## DATA PROVIDED
----------

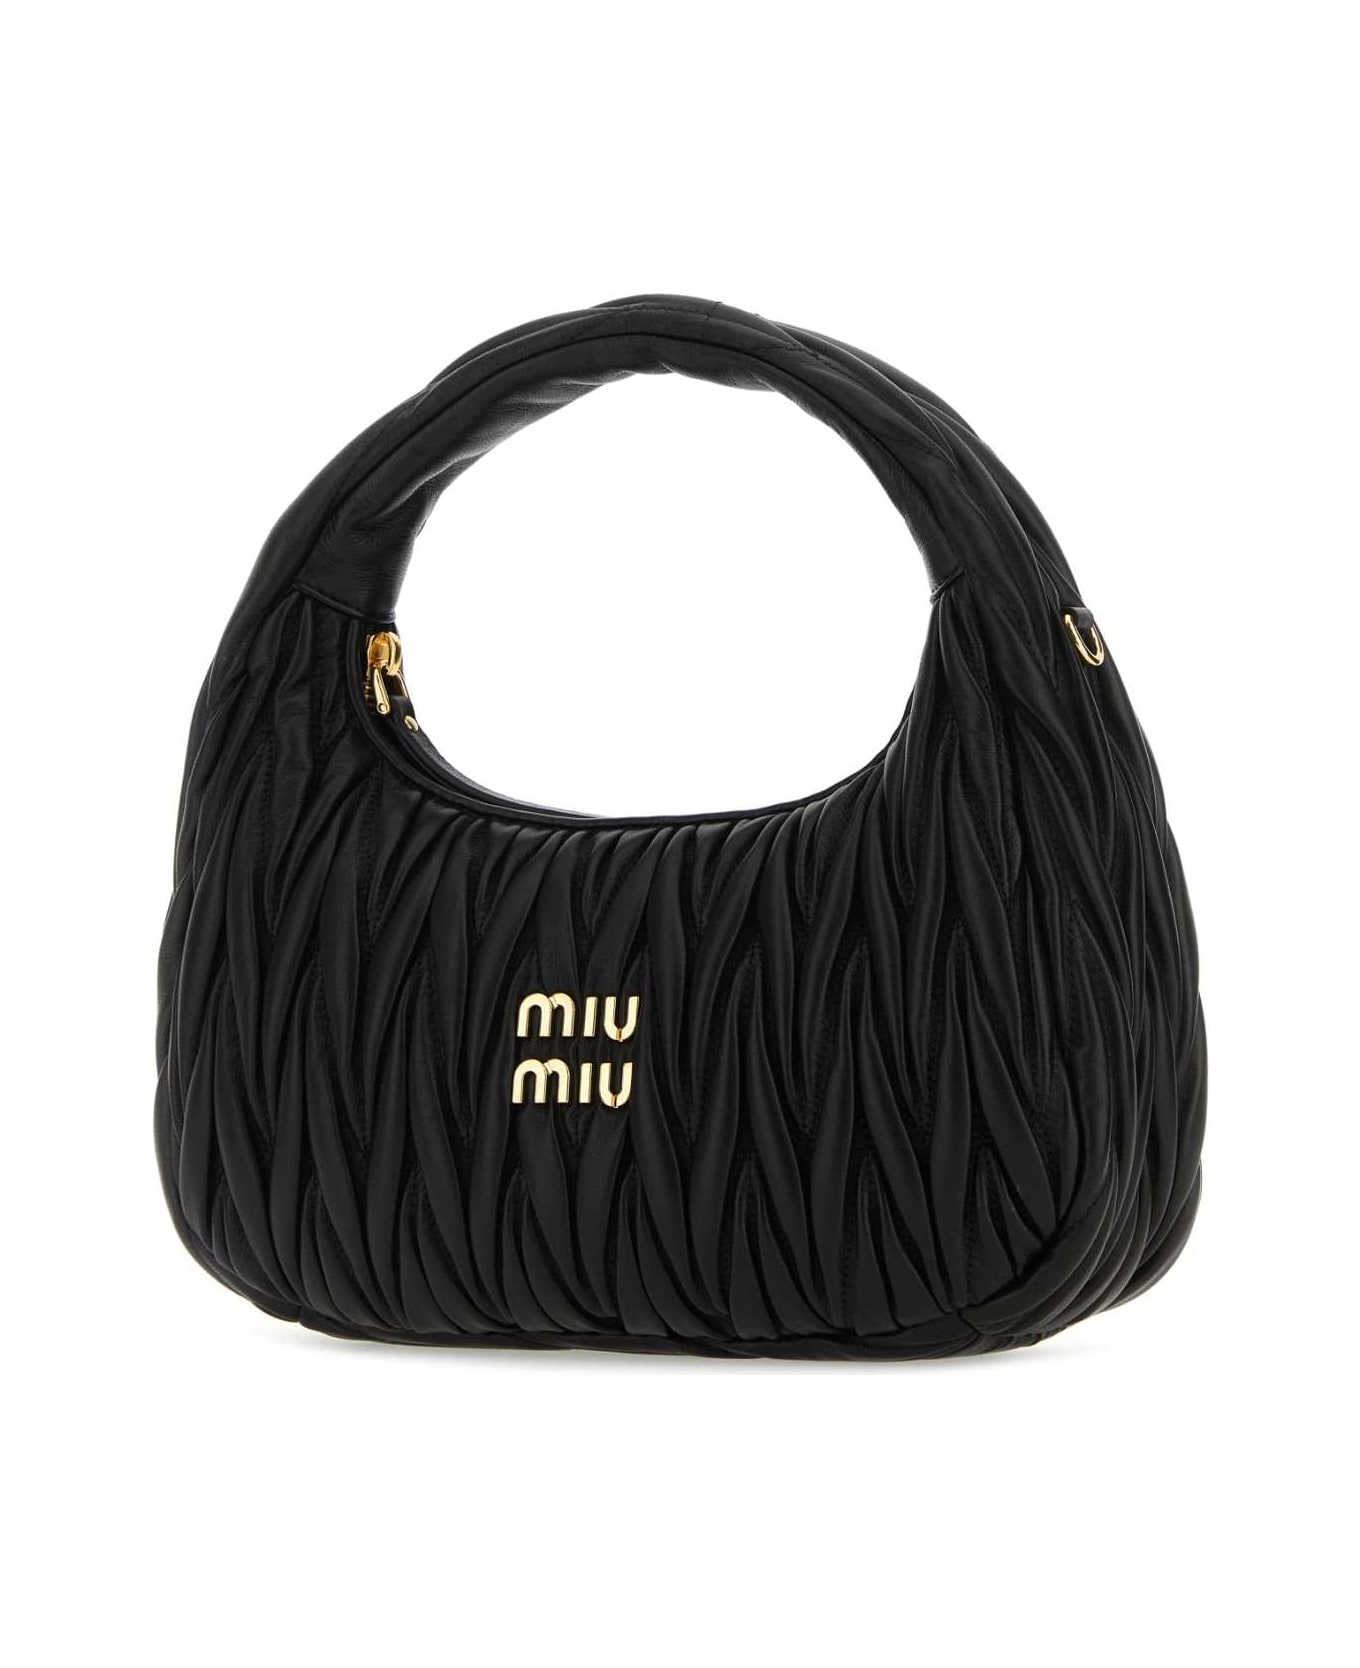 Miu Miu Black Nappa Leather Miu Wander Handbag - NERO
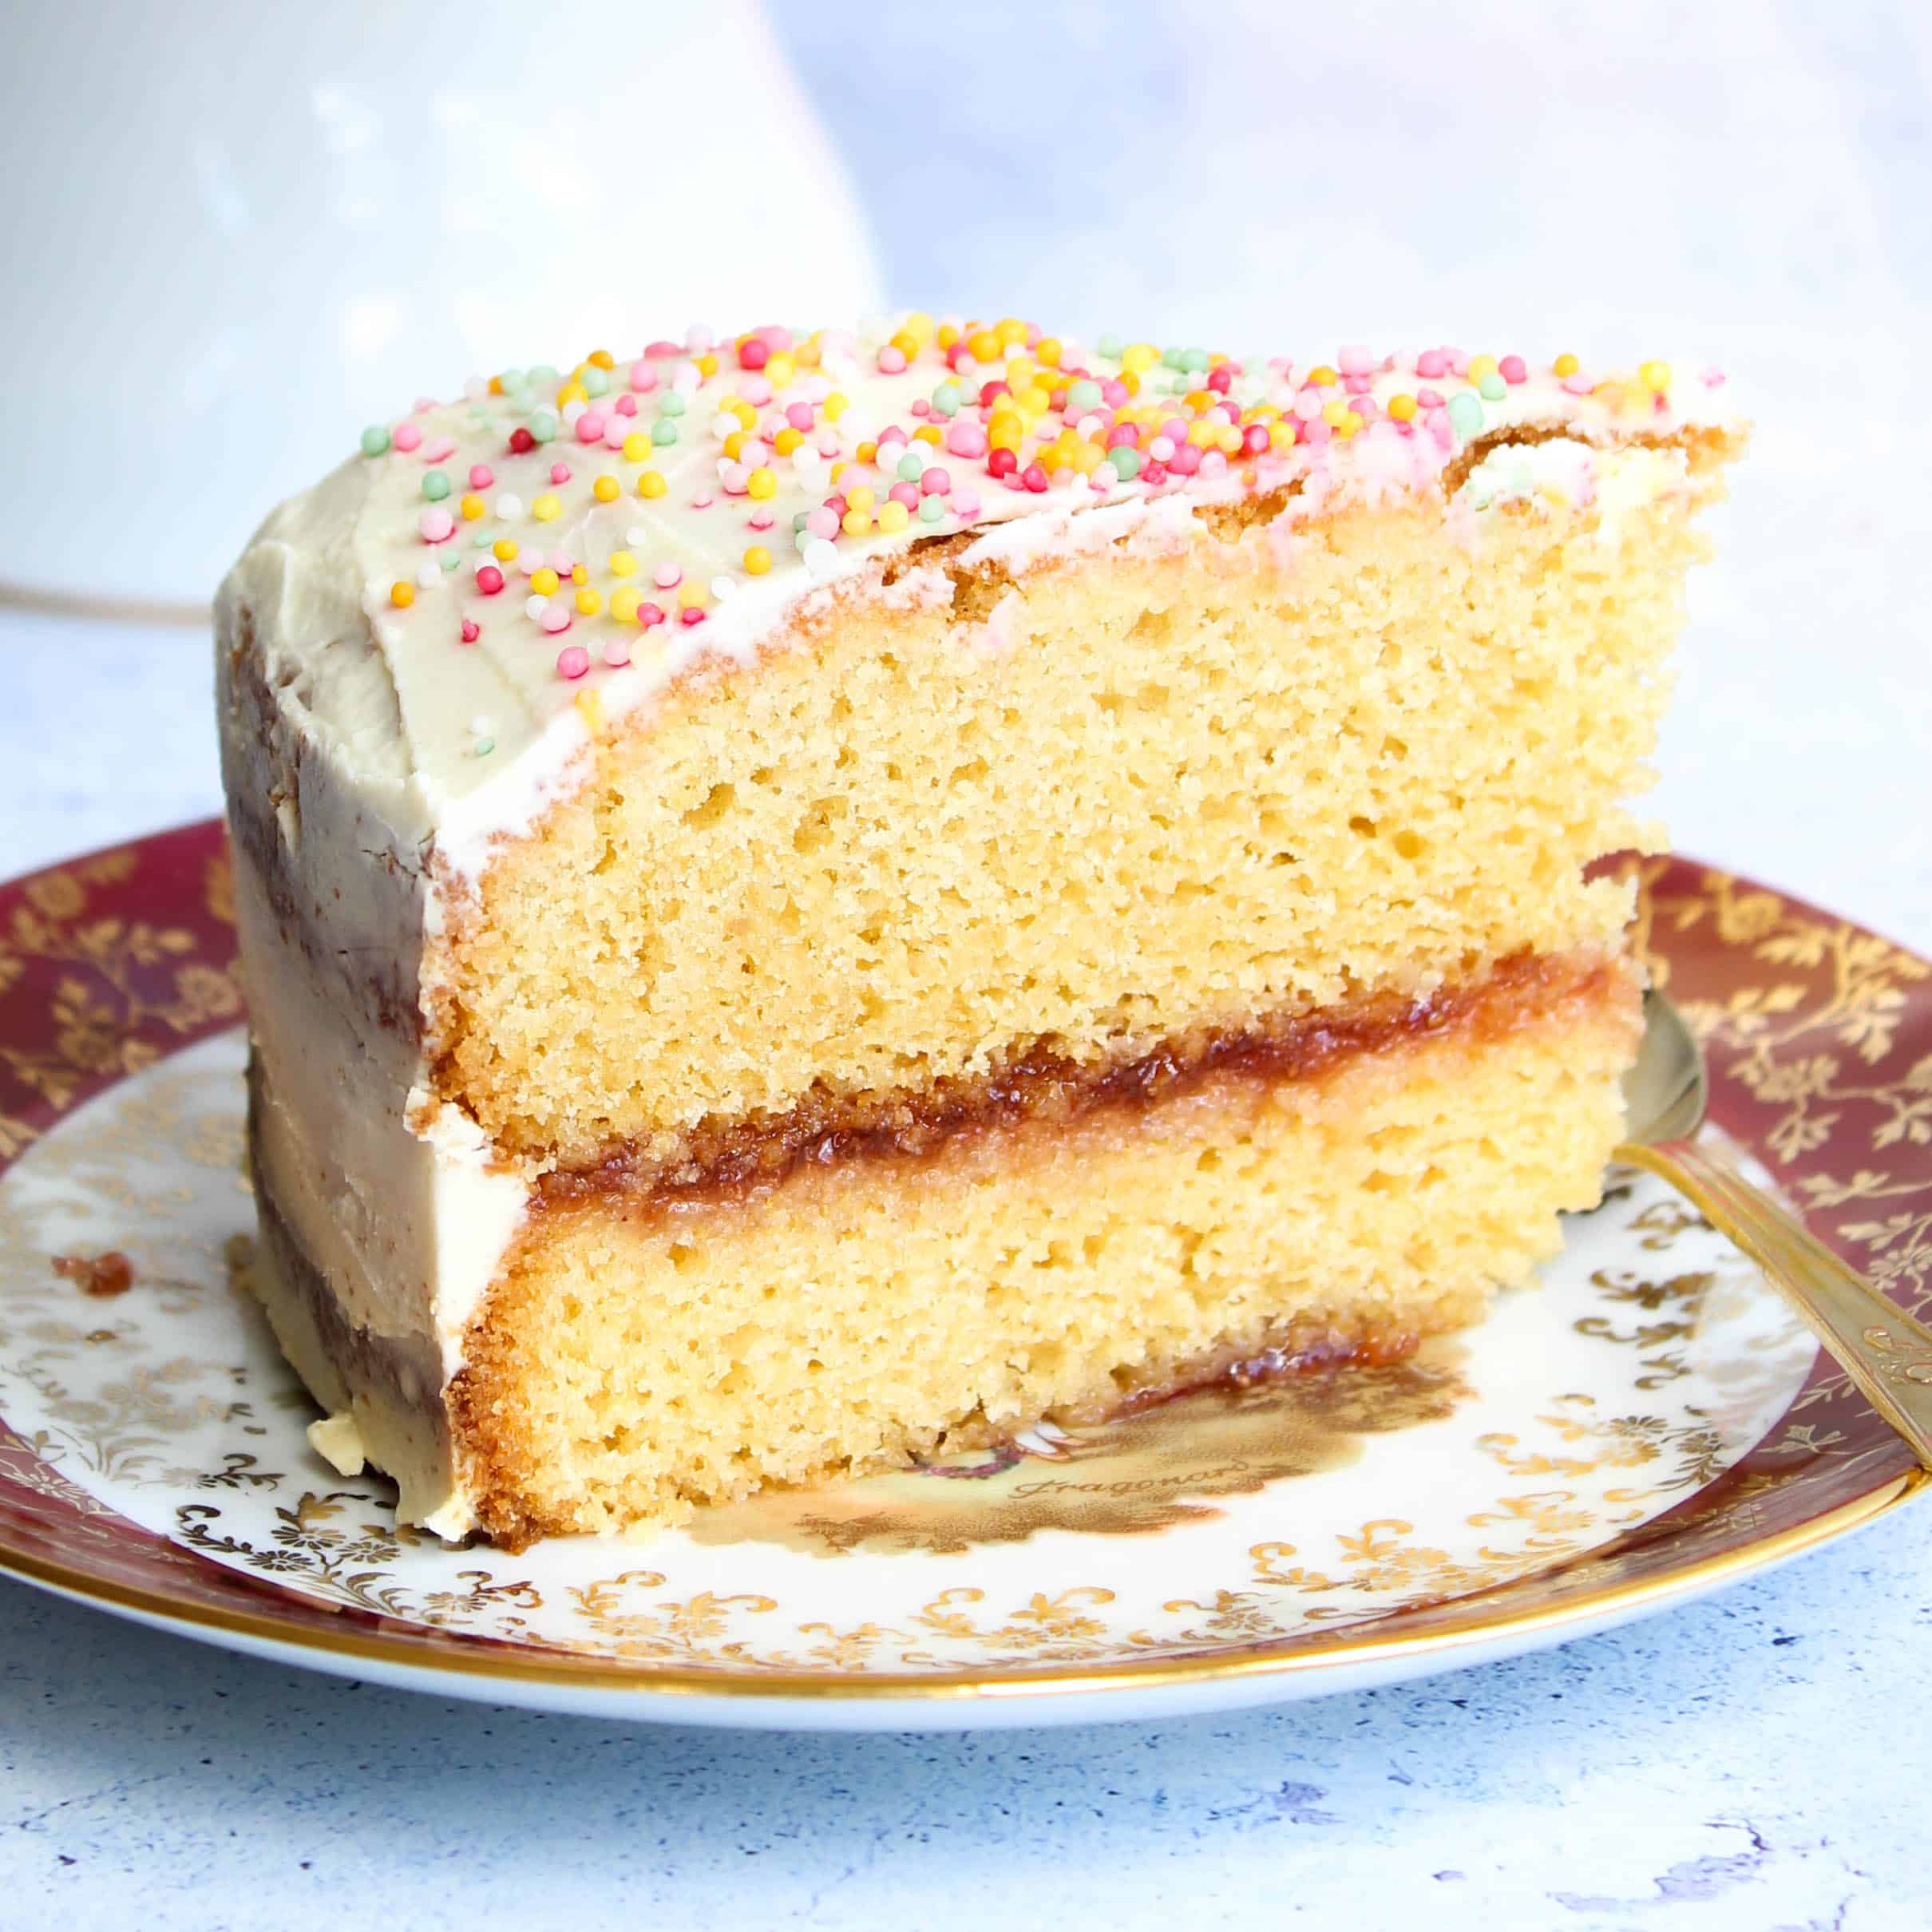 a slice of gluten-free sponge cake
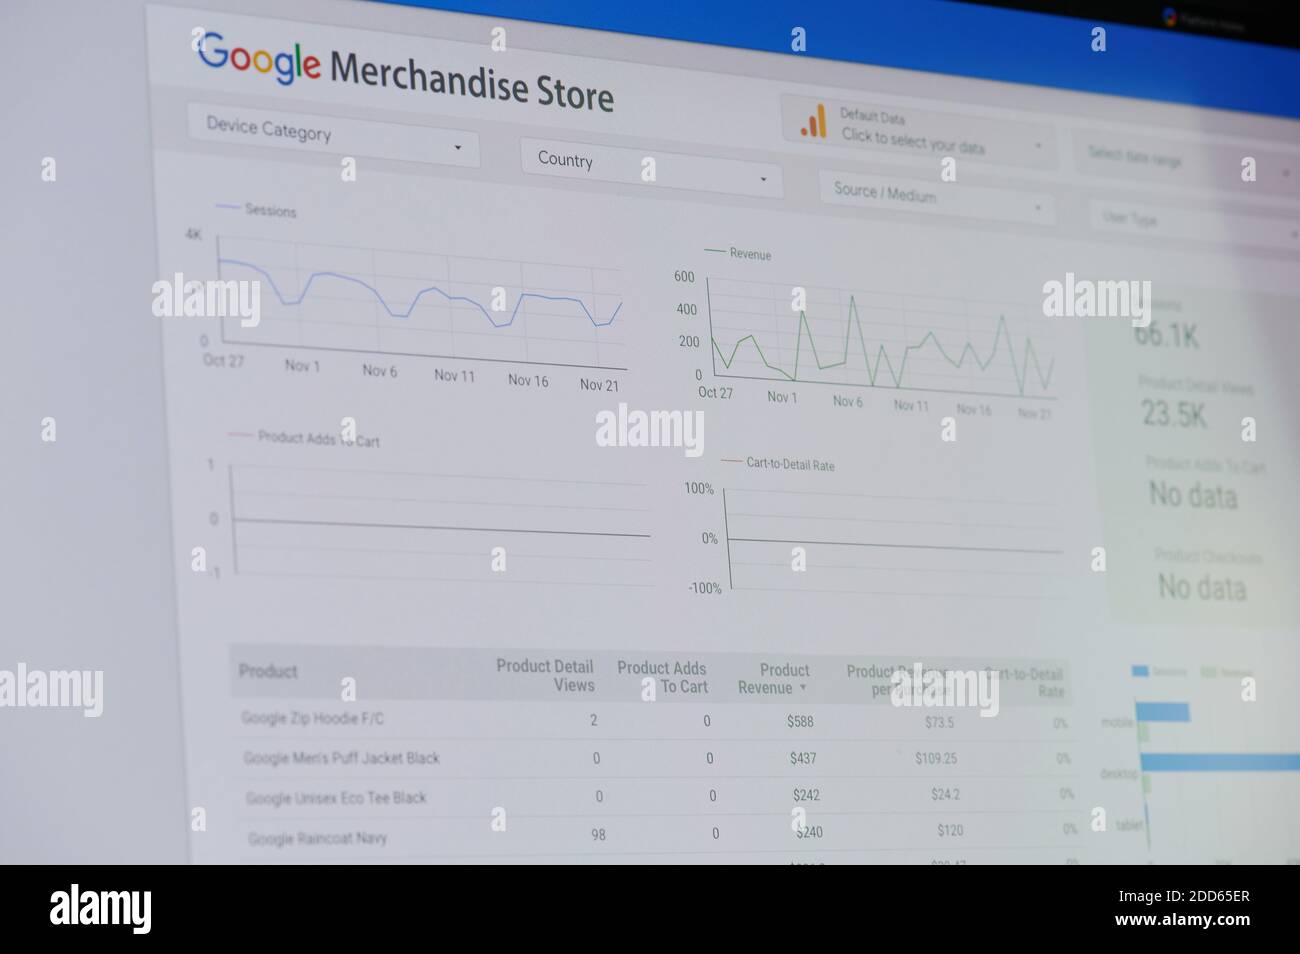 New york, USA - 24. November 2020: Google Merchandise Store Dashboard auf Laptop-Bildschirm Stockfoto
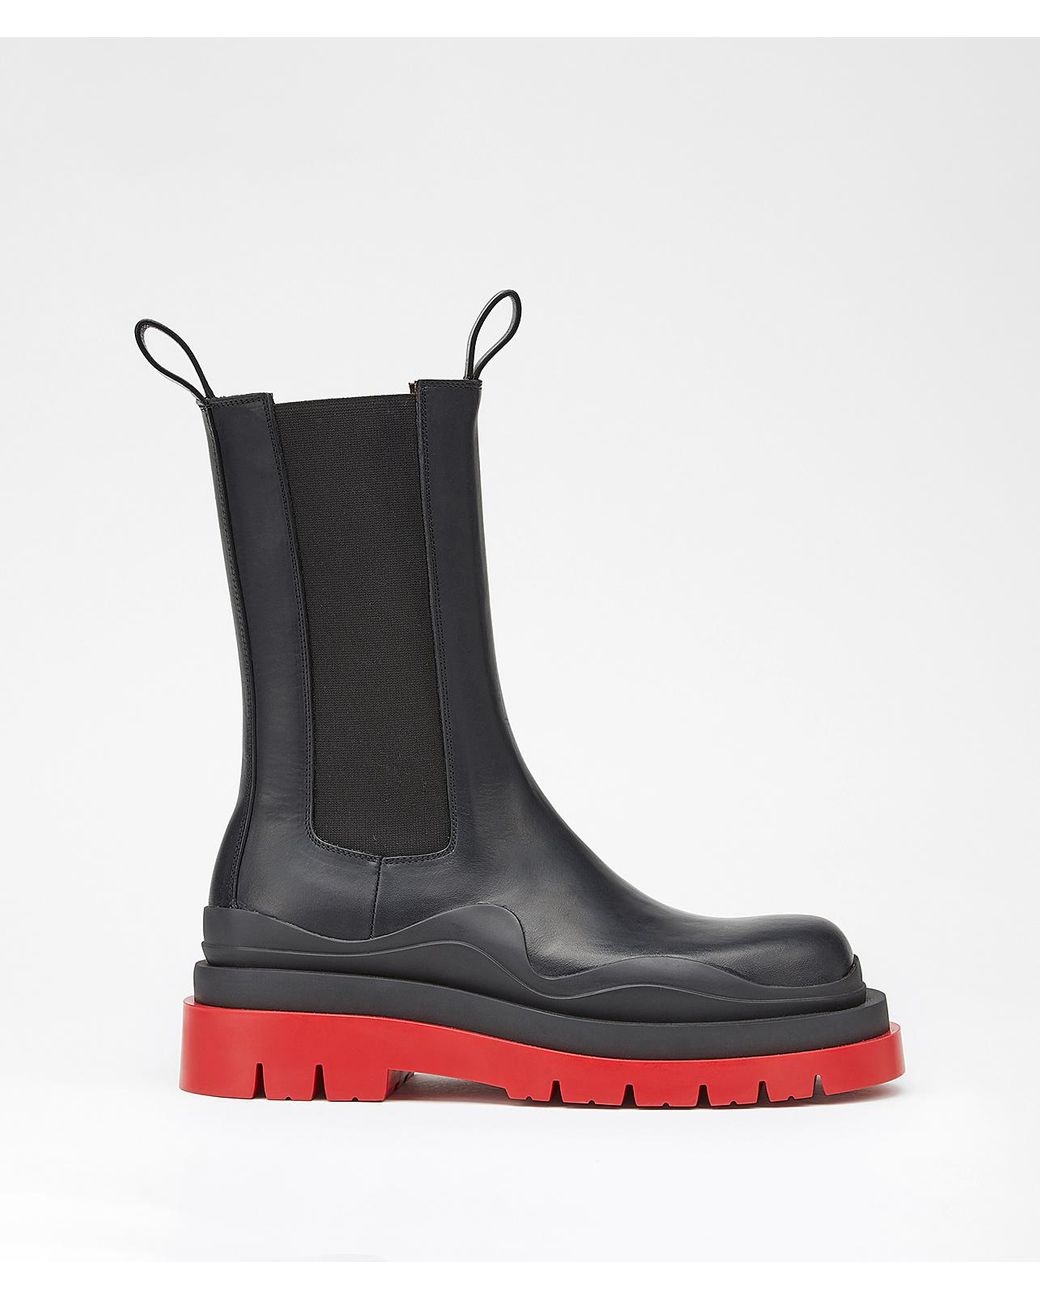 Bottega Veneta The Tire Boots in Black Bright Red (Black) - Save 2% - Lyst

----------

## TASK DESCRIPTION
Once the line holding "New york, USA" is found, copy it and each later line exactly through the end of the data, leaving out the pictures.

## TASK SOLUTION
 New york, USA - 24. November 2020: Google Merchandise Store Dashboard auf Laptop-Bildschirm Stockfoto
 Bottega Veneta The Tire Boots in Black Bright Red (Black) - Save 2% - Lyst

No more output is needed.